Internet distribution enabled companies to reach large user bases almost immediately, and growth curves became both steeper and less predictable. Instead of steady increases in load, systems had to accommodate sudden surges in users, transactions, and data volume, often within compressed timeframes.
More importantly, operational data became tightly coupled to revenue. Systems managing customers, orders, inventory, or advertising were no longer back-office infrastructure—they were the business itself. Database performance and reliability moved directly onto the critical path.
At the same time, with the explosion of SaaS, companies experiencing this growth were not large enterprises. They were cost-sensitive and operationally lean startups or SMBs, which made traditional enterprise database solutions too costly and impractical for their initially simple needs.
Adapting Existing Systems
Rather than replacing databases outright, teams adapted what was available.
One path involved using systems that were already capable of handling large volumes of data—key-value stores, early NoSQL systems, and even data warehouse infrastructure. These systems provided scalability, but they were not designed for transactional workloads. Key-value stores sacrificed structure, and warehouses were optimized for analytical queries, not low-latency operations.
Using them for operational systems meant relinquishing relational models, transactional guarantees, and SQL as a unifying abstraction. The cost of that decision was not always immediately visible, but it manifested as increased complexity in application logic. Responsibilities traditionally handled by the database—joins, consistency, integrity—were pushed outward into the application layer.

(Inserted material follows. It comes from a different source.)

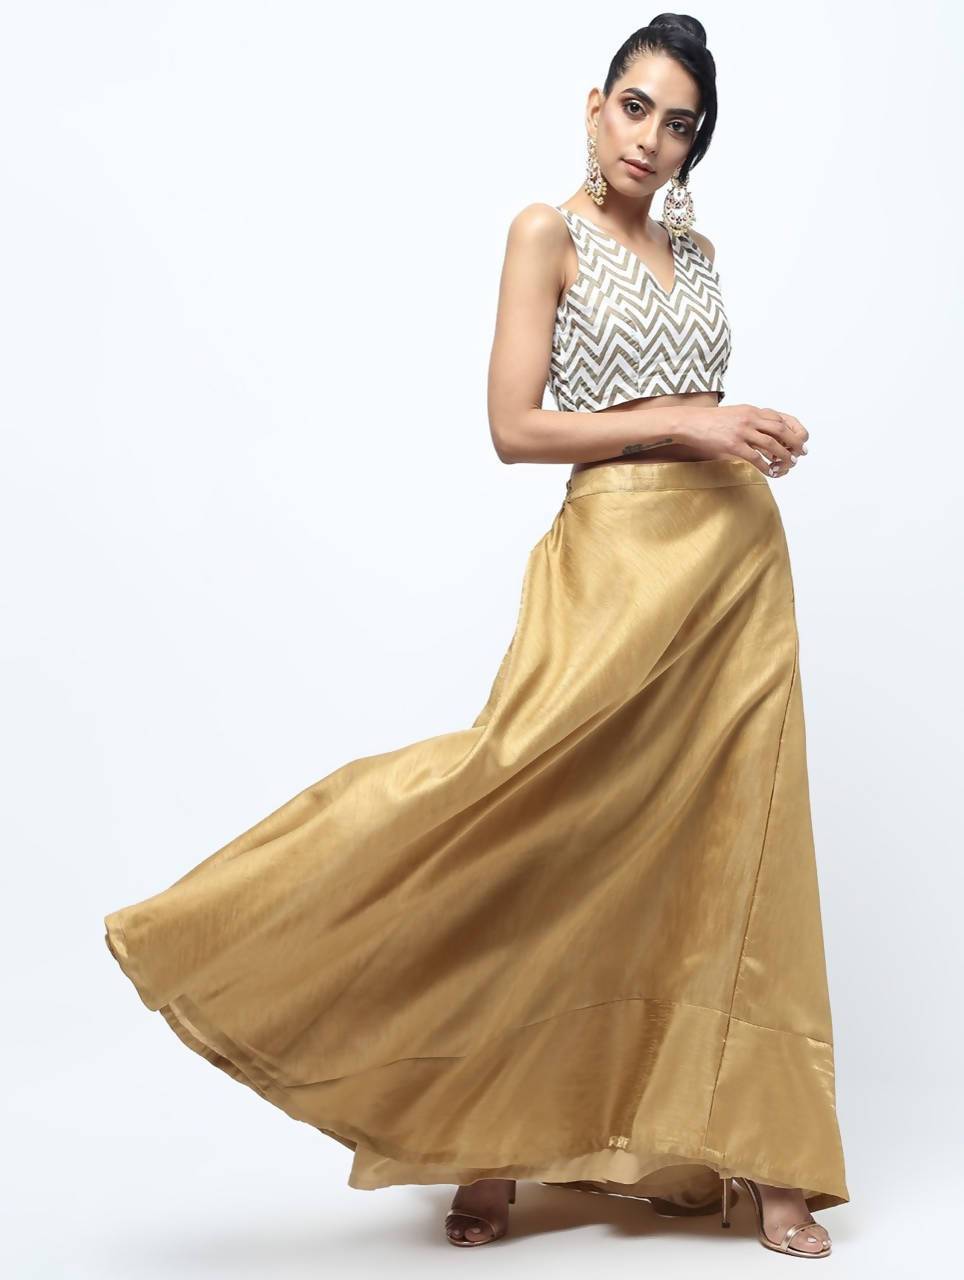 Women's Golden Silk Blend Skirt - Cheera USA
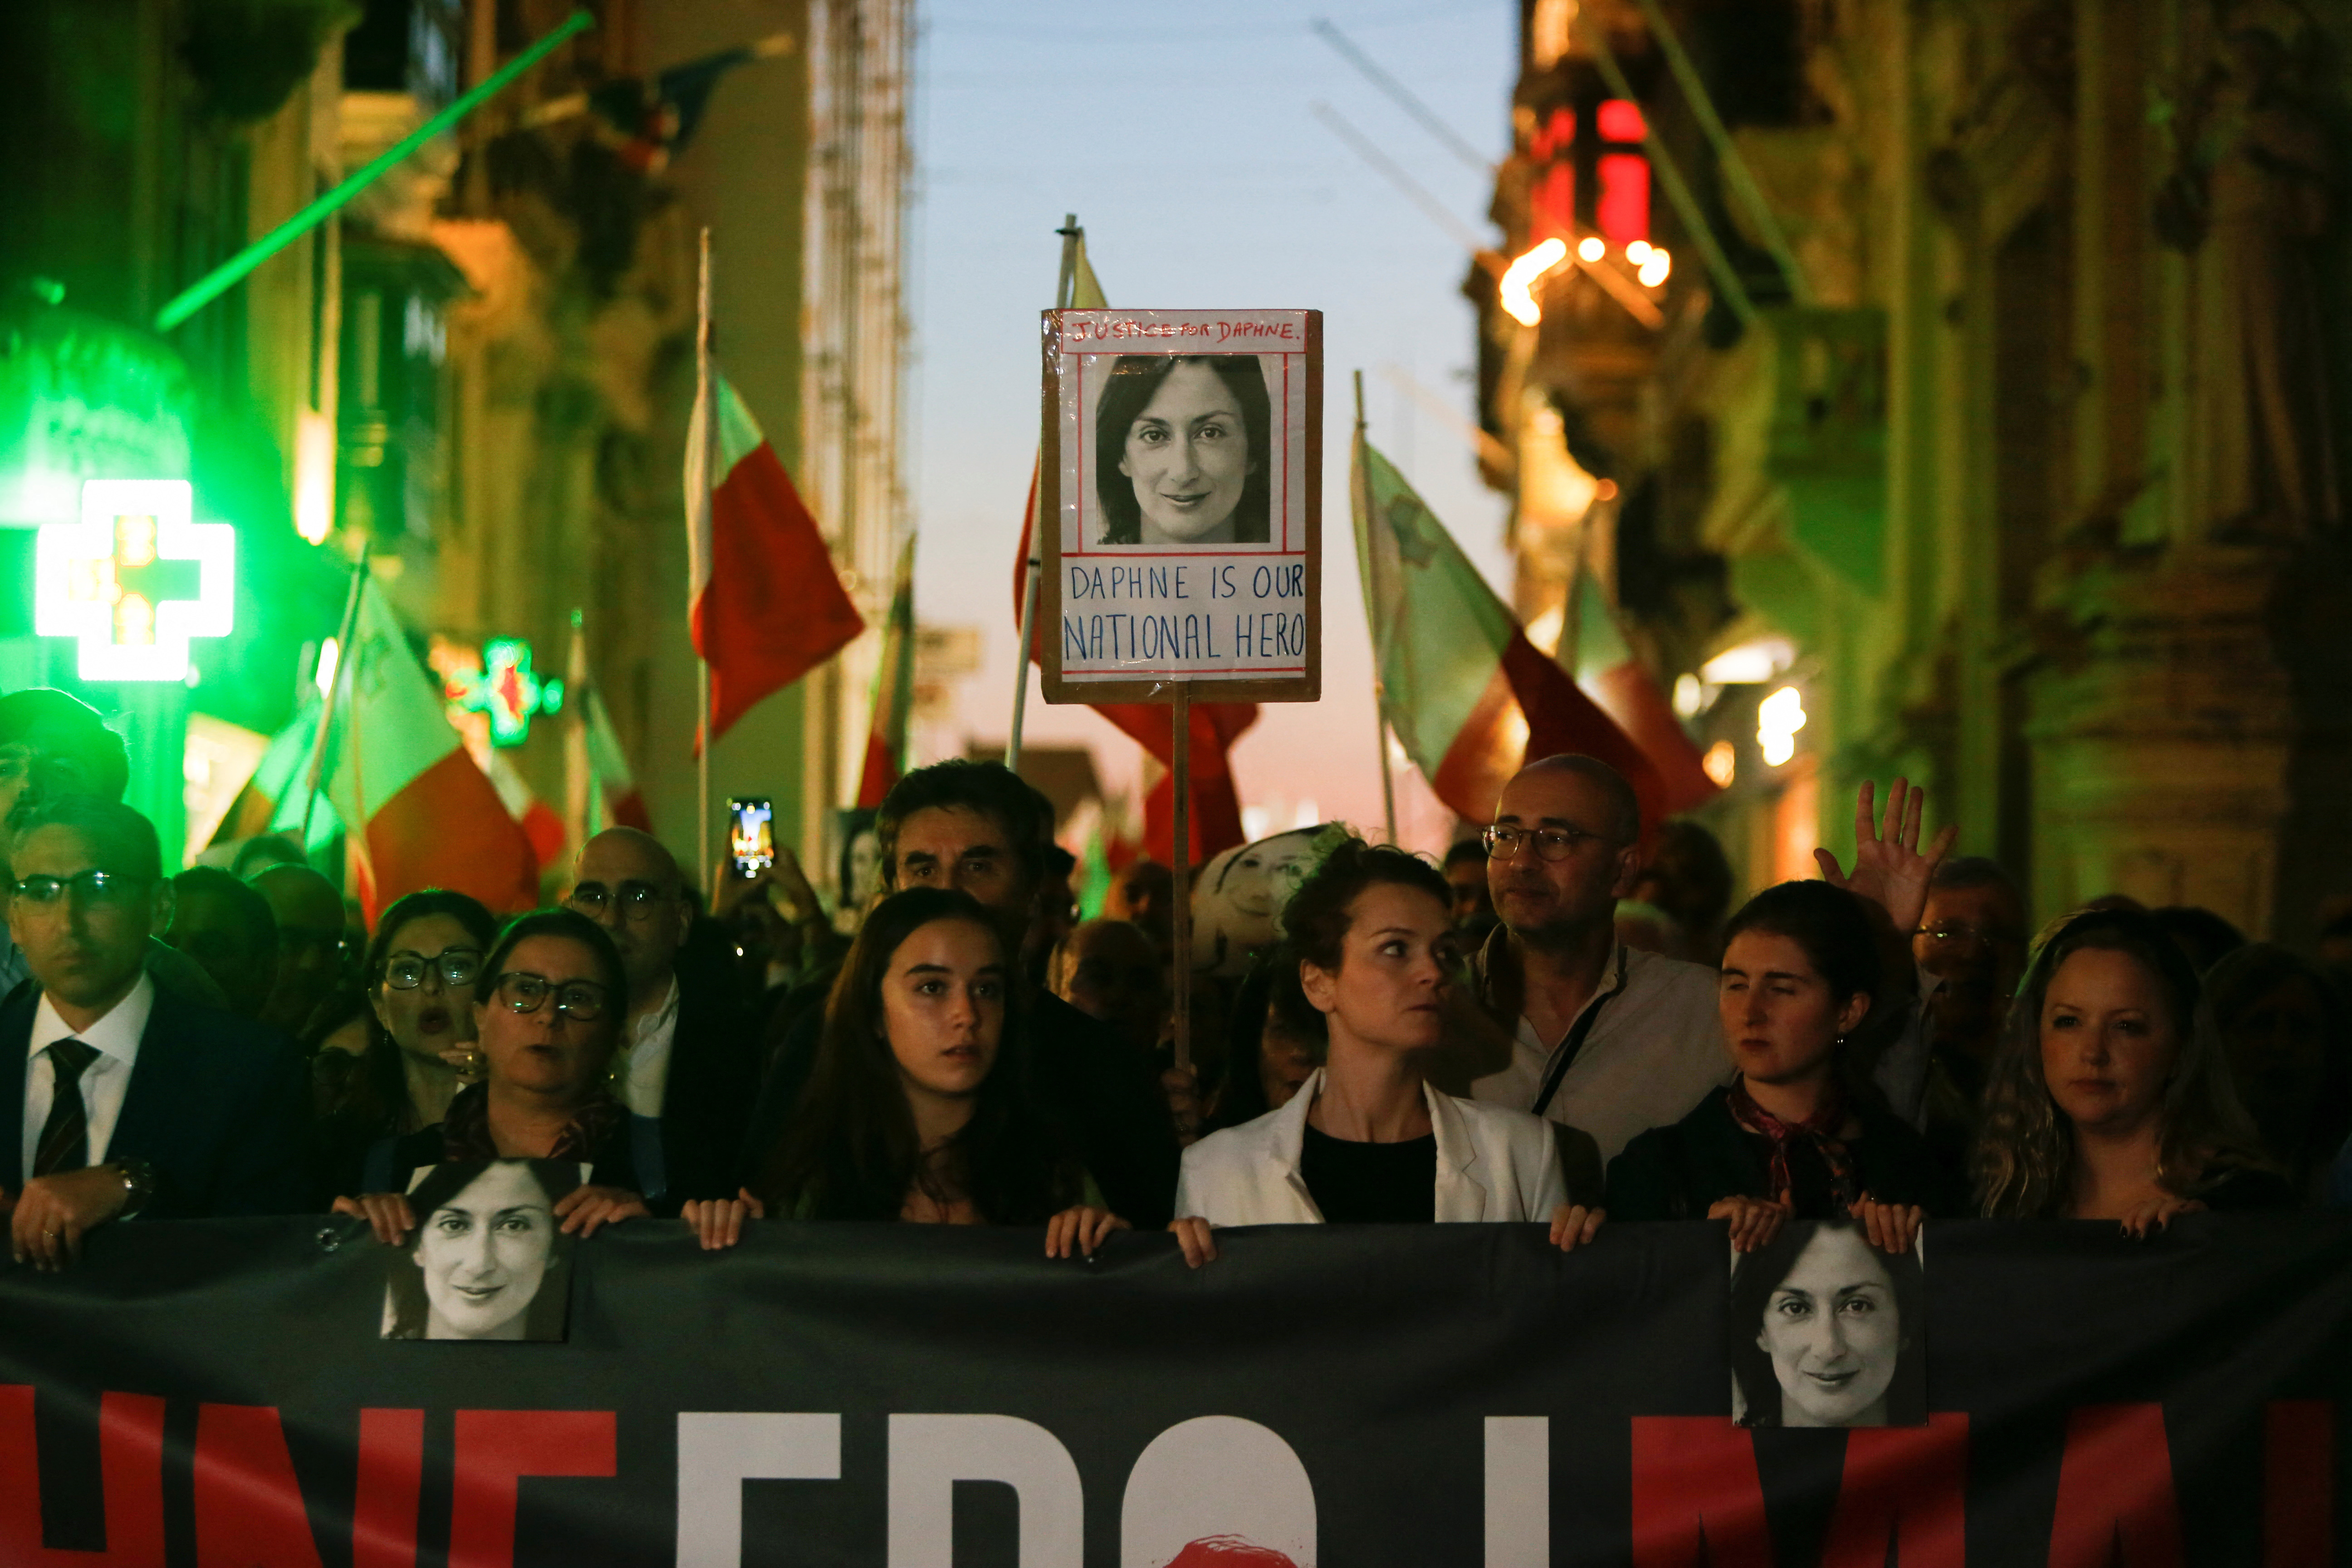 Fifth anniversary of the assassination of journalist Daphne Caruana Galizia in Malta

The other solution that companies reached for to preserve transactional consistency was to extend relational systems themselves.
Sharding became (and in a lot of cases still is) a common strategy: partitioning data across multiple databases and routing requests at the application level. This approach preserved familiar semantics within a shard, but introduced significant complexity. Data had to be continuously rebalanced, cross-shard queries became difficult, and application logic grew more complex and brittle.
Many large-scale systems relied on some form of sharded architecture, but the operational overhead was substantial. It worked, but it required constant intervention by teams of data engineers and DB experts.
Architectural Constraints
Across both approaches, a common pattern emerged – systems were being stretched beyond the assumptions they were originally built on.
Relational databases like MySQL and Postgres were fundamentally designed for a single-node architecture. Scaling them beyond that model required layering additional mechanisms—sharding, replication, routing—on top of that core assumption.
This led to an increasingly clear realization that architectural boundaries aren’t easily bypassed. Systems can be extended beyond their original design, but scaling will hit the limits of the original architectural constraints, and the complexity of doing so will compound exponentially over time.
Globally-distributed Databases
This realization led to the next phase in database evolution where adjustment wasn’t incremental, but a fundamental shift in the relational database architecture.
A new type of operational database designed from the ground up with scalability as a first-class concern. Systems like Spanner integrated ideas from distributed storage and file systems directly into the database layer. Instead of treating scale and data distribution as an external concern, it became part of the core design.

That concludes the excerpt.